Menopause is in the news again this week with the UK government’s announcement yesterday that from 1 April 2023, women prescribed HRT (Hormone Replacement Therapy) – the main treatment for menopause symptoms – will have access to a new scheme enabling access to a year’s worth of menopause prescription items for the cost of 2 single prescription charges (currently £18.70).

The introduction of this scheme is designed to deliver one of the government’s year 1 priorities for the Women’s Health Strategy for England. Published last summer, the strategy sets out an ambitious agenda for improving the health and wellbeing of women and girls and to improve how the health and care system listens to women. Menopause was announced as a priority area within the strategy.

Commenting on the new HRT scheme Kathy Abernethy, Chief Nursing Officer and Director of Menopause services, Peppy said:

“We welcome the price cuts for HRT: cost should not be a prohibitor of women accessing the treatment they need. However, HRT is just one tool in the armoury for effectively supporting women through menopause.

“We know that while every woman will experience menopause, not all symptoms are the same – so providing a rounded support for women is really important.

“Employers can  play a pivotal role in providing access to specialist support through workplace health and wellbeing benefits, offering women a route to getting the vital advice and help they need. This can include access to expert support and guidance on how to manage symptoms day to day, options for treatment and what’s right for them, as well as support for wider health and wellbeing. Support needs to be provided by human menopause specialists, and personalised for the individual’s specific needs.

“Today’s announcement is a good opportunity for employers to recognise the importance of their role in providing this support and start the conversation in their organisation.”

Thinking outside the HRT box

Echoing Abernethy’s thinking, in this article, we are reminded that Vitality’s Deputy Chief Medical Officer, Anushka Patchava, stresses the importance of balance when women are going through the menopause.

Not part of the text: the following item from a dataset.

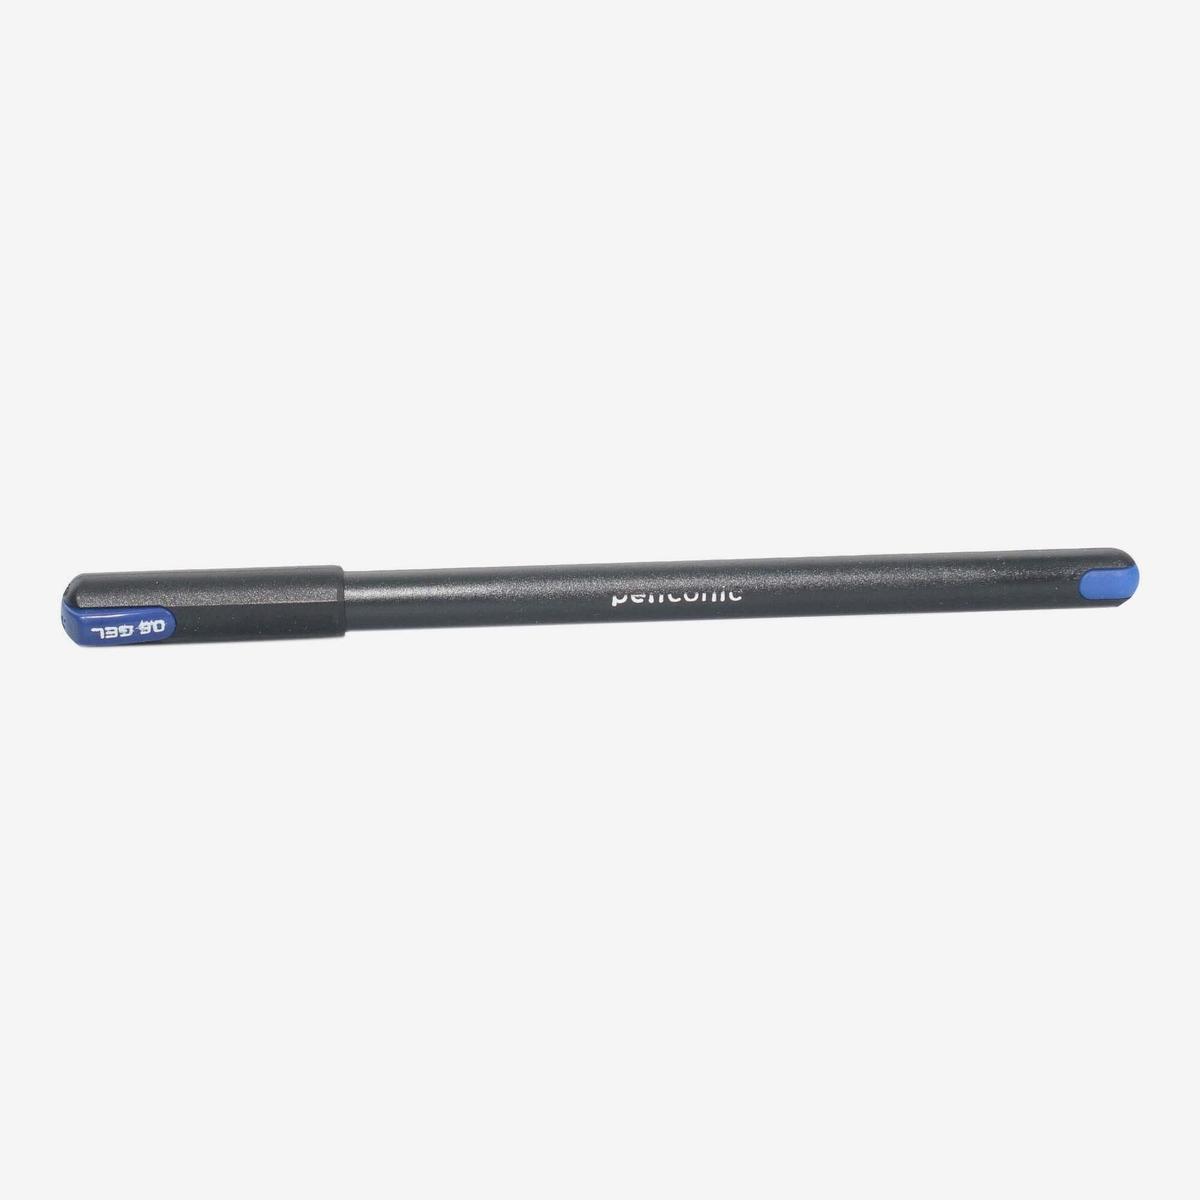 pentonic blue gel0 6 pen 10 pcs
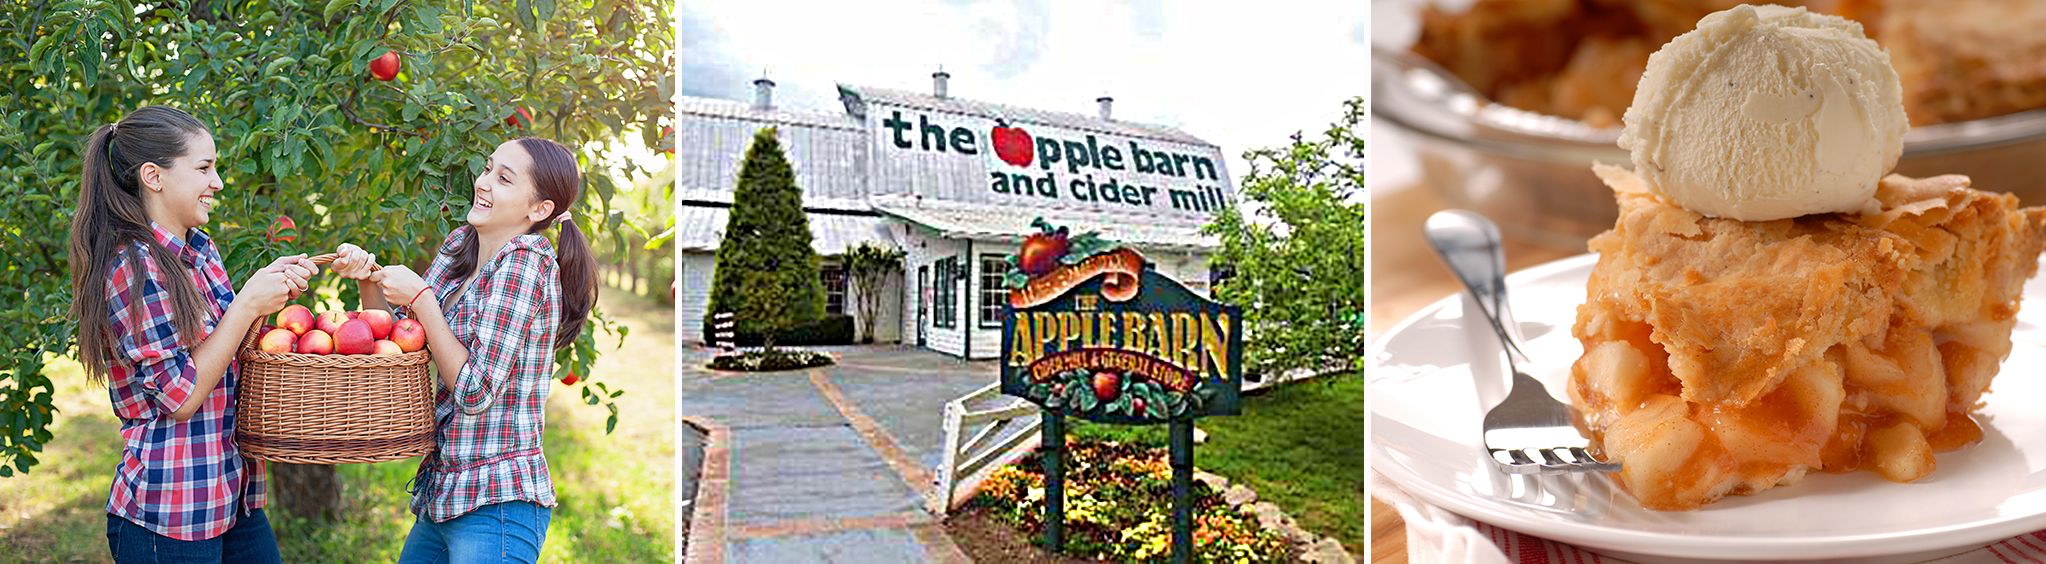 Apple Barn Cider Mill & General Store

The article outlines four key menopause self care tips including the need to:

  • Prioritise sleep
  • Take time for your mental health
  • Eat the right foods
  • Reach out and get support

Whether you’re an advocate of HRT or not, the more menopause becomes a mainstream topic of conversation for employers, the easier it should be for women to talk openly about and navigate this challenging stage of life without fear of judgement. What we must avoid at all costs though, when bringing this topic to the fore in the workplace, is the danger of reinforcing sexist stereotypes.